English and Catalan/GSOC 2017

From Apertium
Jump to navigation Jump to search

This page serves as a summary of all the work done in the English-Catalan pair during Google Summer of Code 2017. For a more detailed workplan, please check this page.

Main work

The main goal of this project was to bring the apertium-eng-cat pair to a state where it can fully replace the old apertium-en-ca pair, which has become outdated and difficult to maintain.

Work has affected several areas of the English-Catalan pair. You can see a full list of commits and modified files here.

Dictionaries

On the one hand, the bilingual dictionary has grown from 35,000 entries to more than 66,000. This is significantly higher than the initial goal of 59,000 entries thanks to supporting work done on automatisation, which has been very helpful. In addition to new entries (added from frequency lists and crossdics), entries broken due to tag changes have been fixed, and the dictionary has been reorganised and cleaned. The monolingual dictionaries have been reorganised too, so developers of other pairs using the English and Catalan dictionaries will notice improvements.

On the other hand, unexpected testvoc errors (over 7,000 for EN>CA and around 10,000 for CA>EN) prevent the pair from being released in trunk immediately after GSoC. However, the pair is mature enough to completely replace the old apertium-en-ca pair once it becomes "testvoc clean". There is also pending work regarding proper noun tags in Catalan (they lack gender and number), but this is mostly complete and there are only ~900 lemmas left to change before the fixes can be merged.

Transfer rules

Transfer rules were (and still are) perhaps the most fragile component of this pair. The number of rules is quite high given the differences between the two languages, several rules take place through different transfer stages, and the code is quite convoluted. Work related to transfer rules has focused on code updates to ensure everything is applied correctly and some new rule additions, mostly related to verbs.

Separable verbs

Thanks to the creation of the Lsx module, in parallel to this project, Apertium now has a powerful module to correctly analyse separable words. Given the importance of phrasal verbs in English, support for this module has been added to the English-Catalan pair, and it will surely improve translation quality in the future.

Tagger and CG

The English tagger had not been retrained since some time ago, and its accuracy had declined due to tag changes, so updating it was a priority.
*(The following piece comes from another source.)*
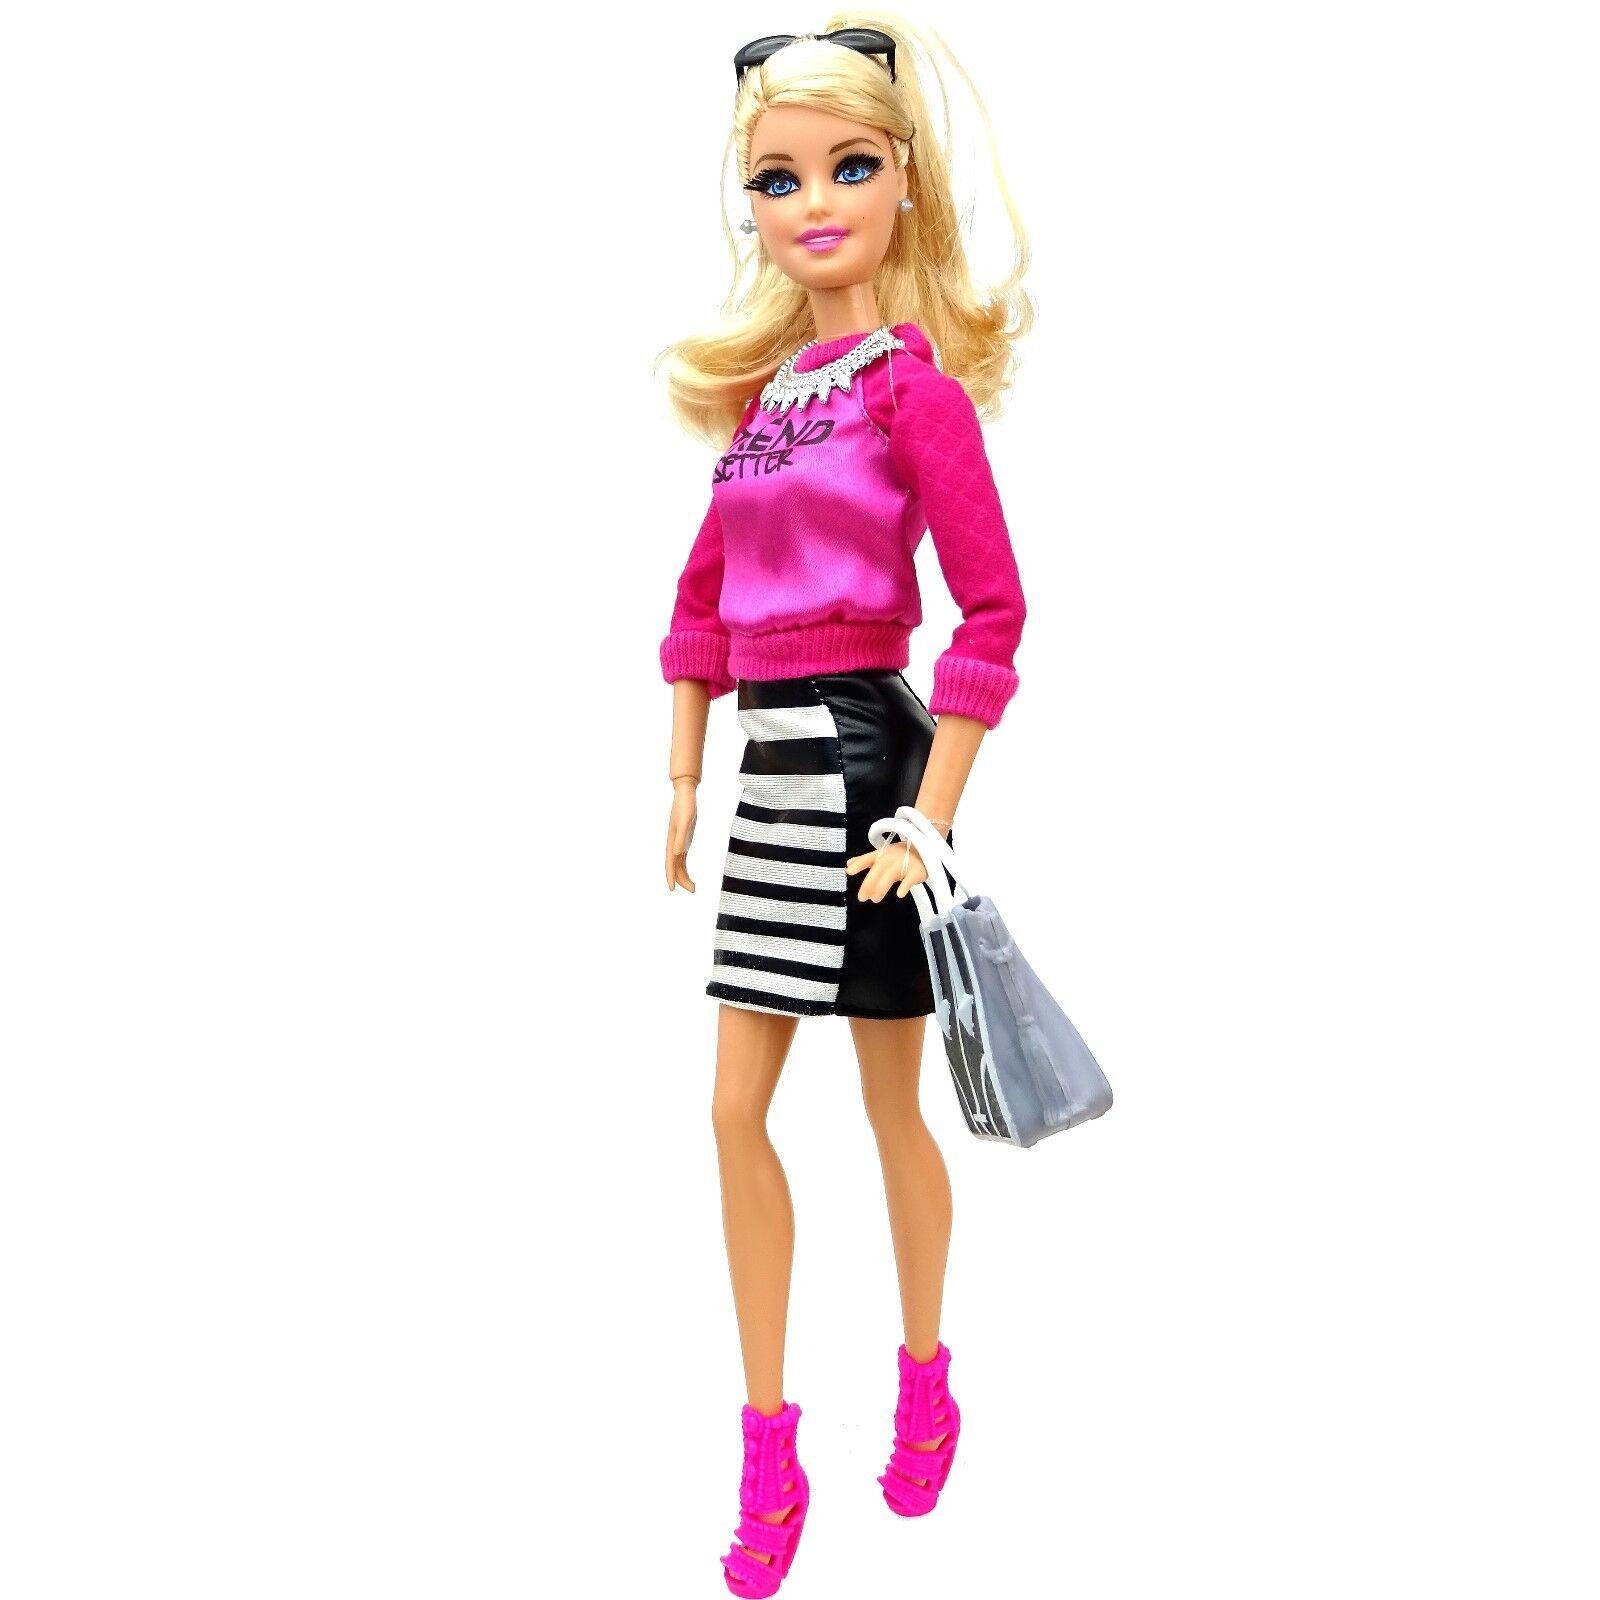 Barbie Barbie Barbie stile Styling amici Doll (B) trend-setter articolare Braccia Nuovo f7f72a

The English module now has a new tagger based on a perceptron (instead of Hidden Markov Models) that has reached a 90% tagging accuracy. In addition, new CG rules have been added to further improve disambiguation.

Supporting work

Documentation

The lack of documentation regarding the language pair, the monolingual dictionaries or even the tagger has made me put an effort on documenting as many things as possible to help current and future Apertium developers and to define the current status of the different modules better. The most important work has been to build a catalogue of all the transfer rules and macros in the pair, but there is also new documentation about the dictionaries and guidelines to make team work easier:

Automatisation

In order to make pair development easier and faster, several bash scripts have been created and used. The most remarkable one is transfer_documentation.sh, which allows the user to create wikitables with a lot of information about transfer rules from data embedded into the rule files (T1X, T2X and T3X). There are other scripts that can help with dictionary entries too, specially with proper nouns, as they usually do not need obscure paradigms.

Given that these scripts may be very useful to other developers, they are now available in this repository.